[PATCH v17 0/5] perf tools: Add inject --aslr feature, early maps loading, and decoupling fixes
From: Ian Rogers
Date: Sun Jun 07 2026 - 02:09:51 EST
This patch series introduces the new 'perf inject --aslr' feature to
remap virtual memory addresses or drop physical memory event leaks
when profile record data is shared between machines. Bundled with this
feature is a bug fix inside the core map tracking tool that hardens
perf session analysis against concurrent lookup data races.
Detailed Mechanism of MMAP Mapping and ASLR virtual Address Allocation:
The ASLR tool virtualizes the address space of the recorded processes by
intercepting MMAP and MMAP2 events to build a consistent translation
database, which is subsequently used to rewrite sample addresses.
It maintains two primary lookup databases using hash maps:
1. 'remap_addresses': Maps an original mapping key to its new remapped
base address.

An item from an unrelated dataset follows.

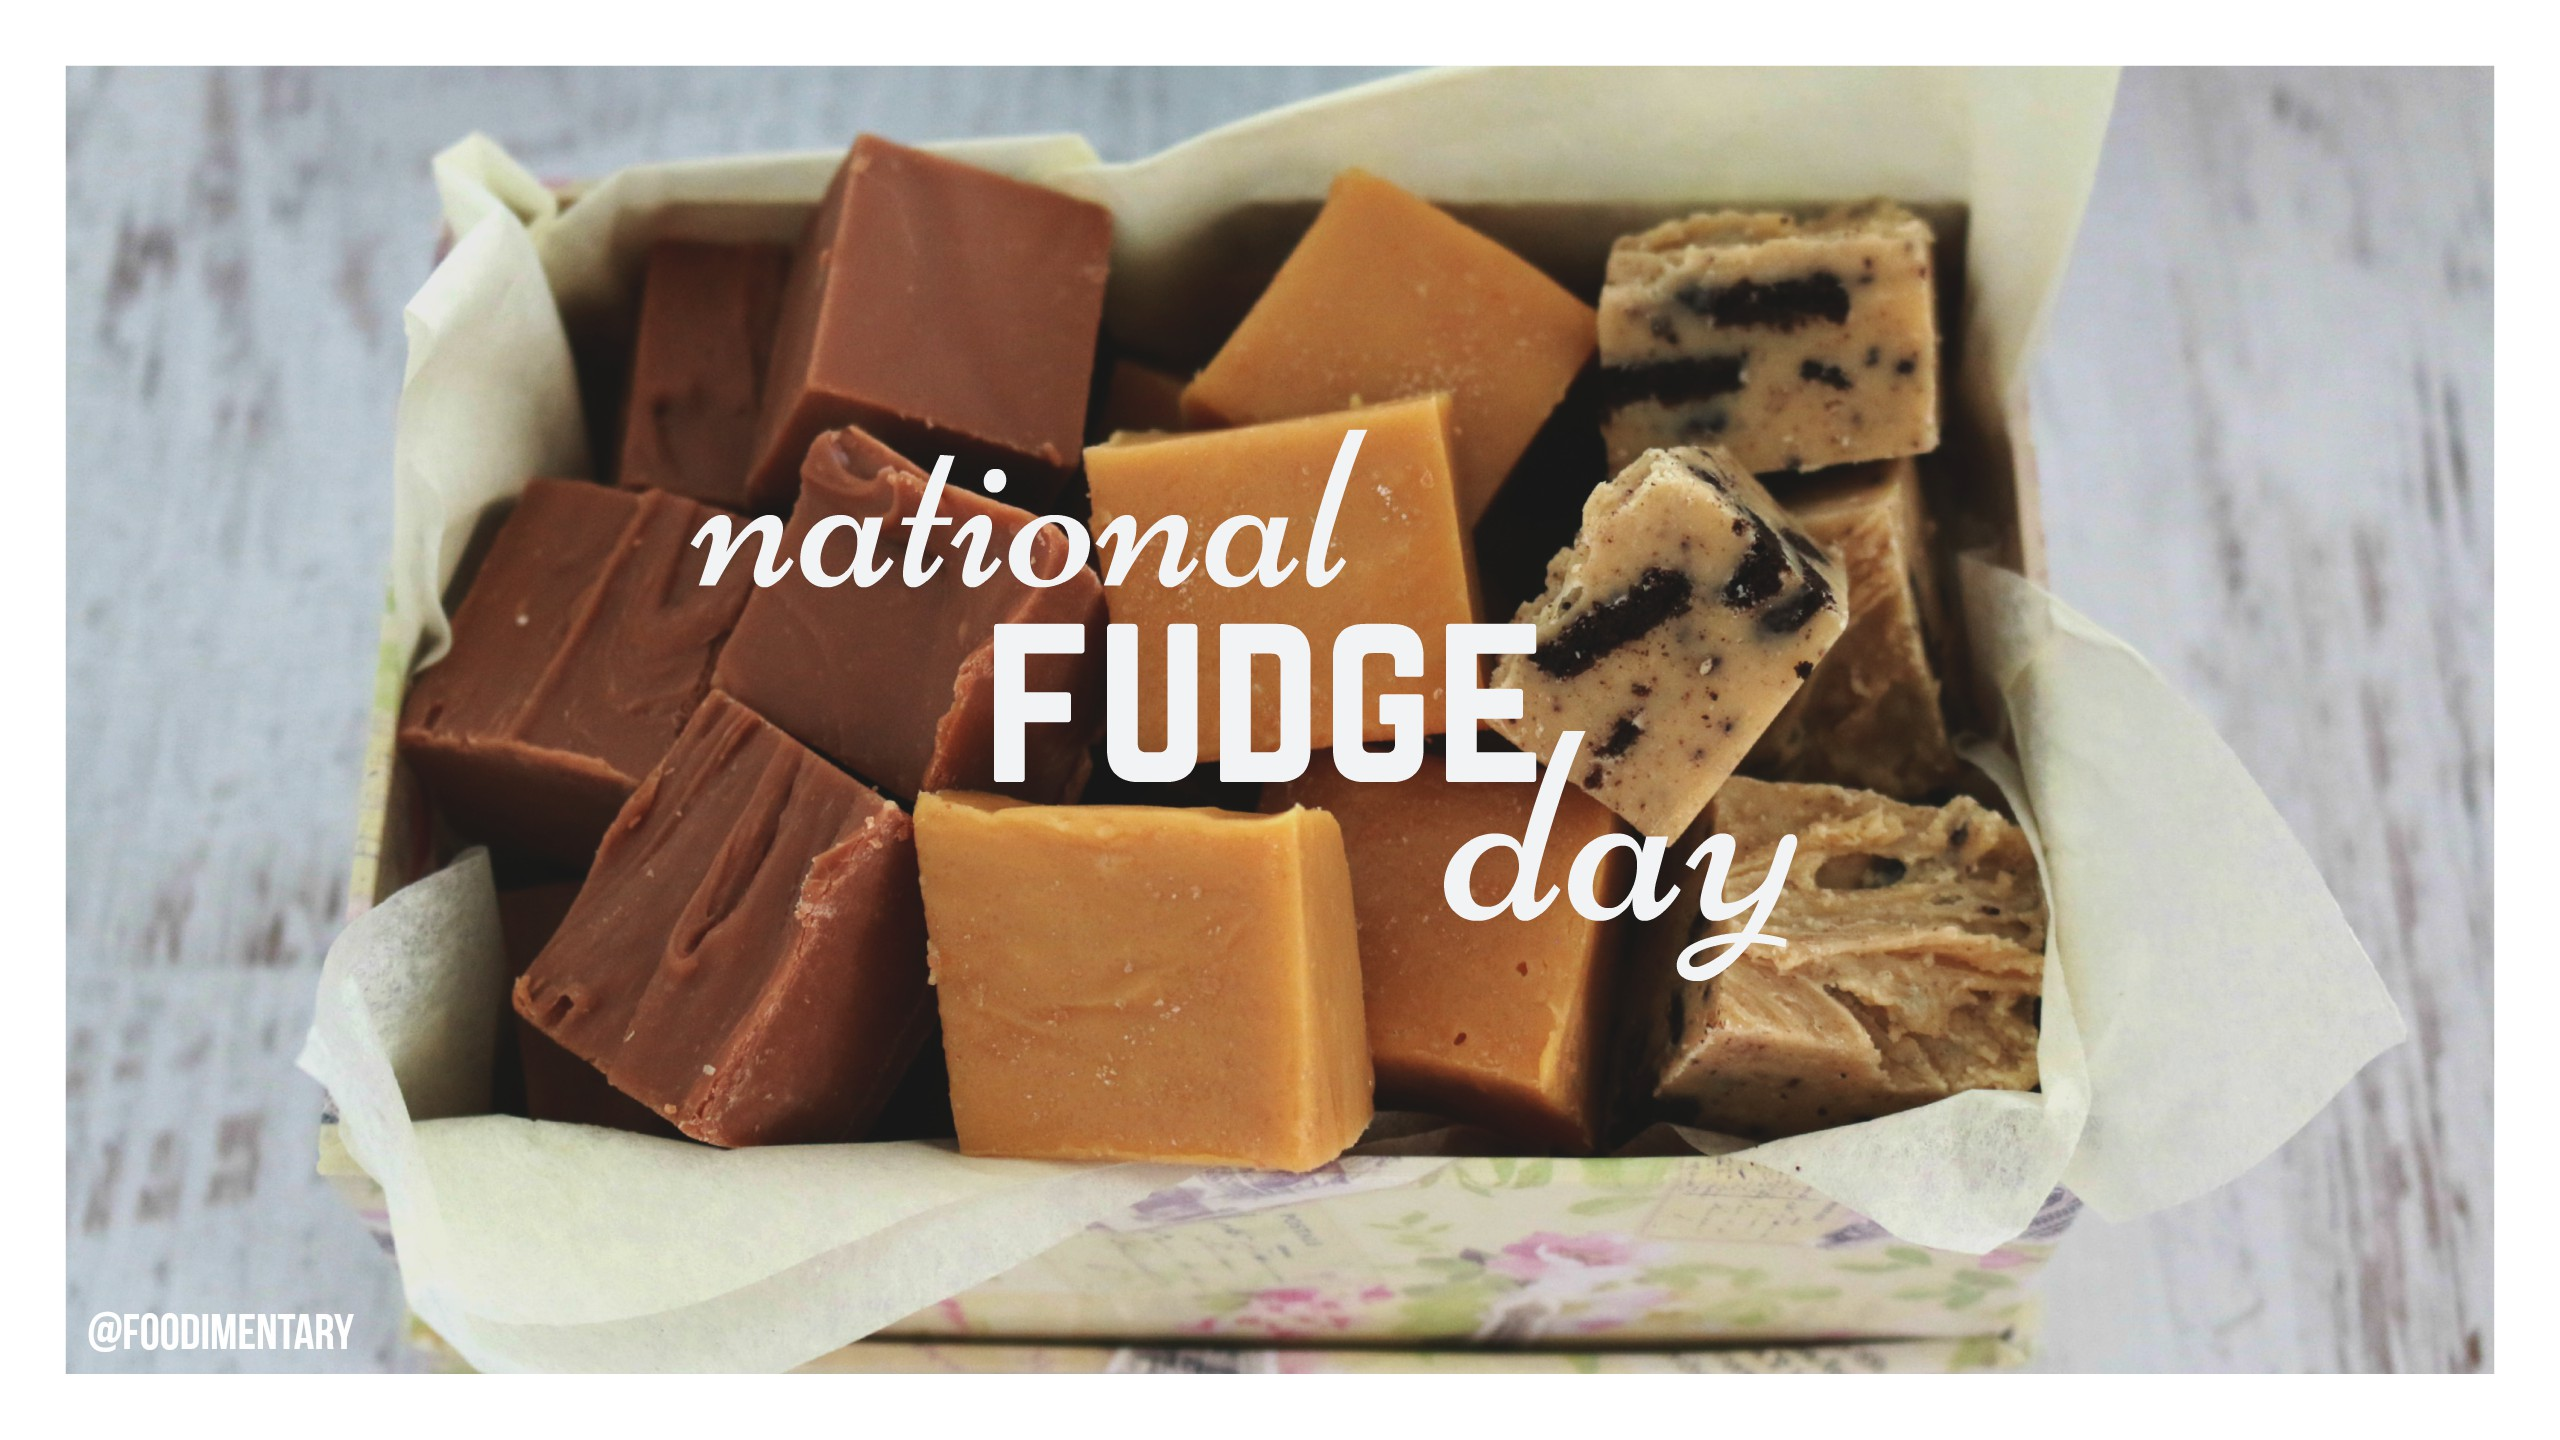 national fudge day | Foodimentary - National Food Holidays

The key uses topological invariant coordinates:
(machine, dso, invariant). The invariant is computed as (start - pgoff)
for DSO-backed mappings. This invariant remains constant even when
perf's internal overlap-resolution splits a VMA into fragmented
pieces, ensuring split maps resolve consistently back to the same
remapped base.
2. 'top_addresses': Tracks the allocation state per process (machine, pid).
It maintains 'remapped_max' (the highest allocated address in the
virtualized space).
For each MMAP/MMAP2 event:
- We look up the DSO and invariant key in 'remap_addresses'. If found, we
reuse the translation, preserving the offset within the mapping.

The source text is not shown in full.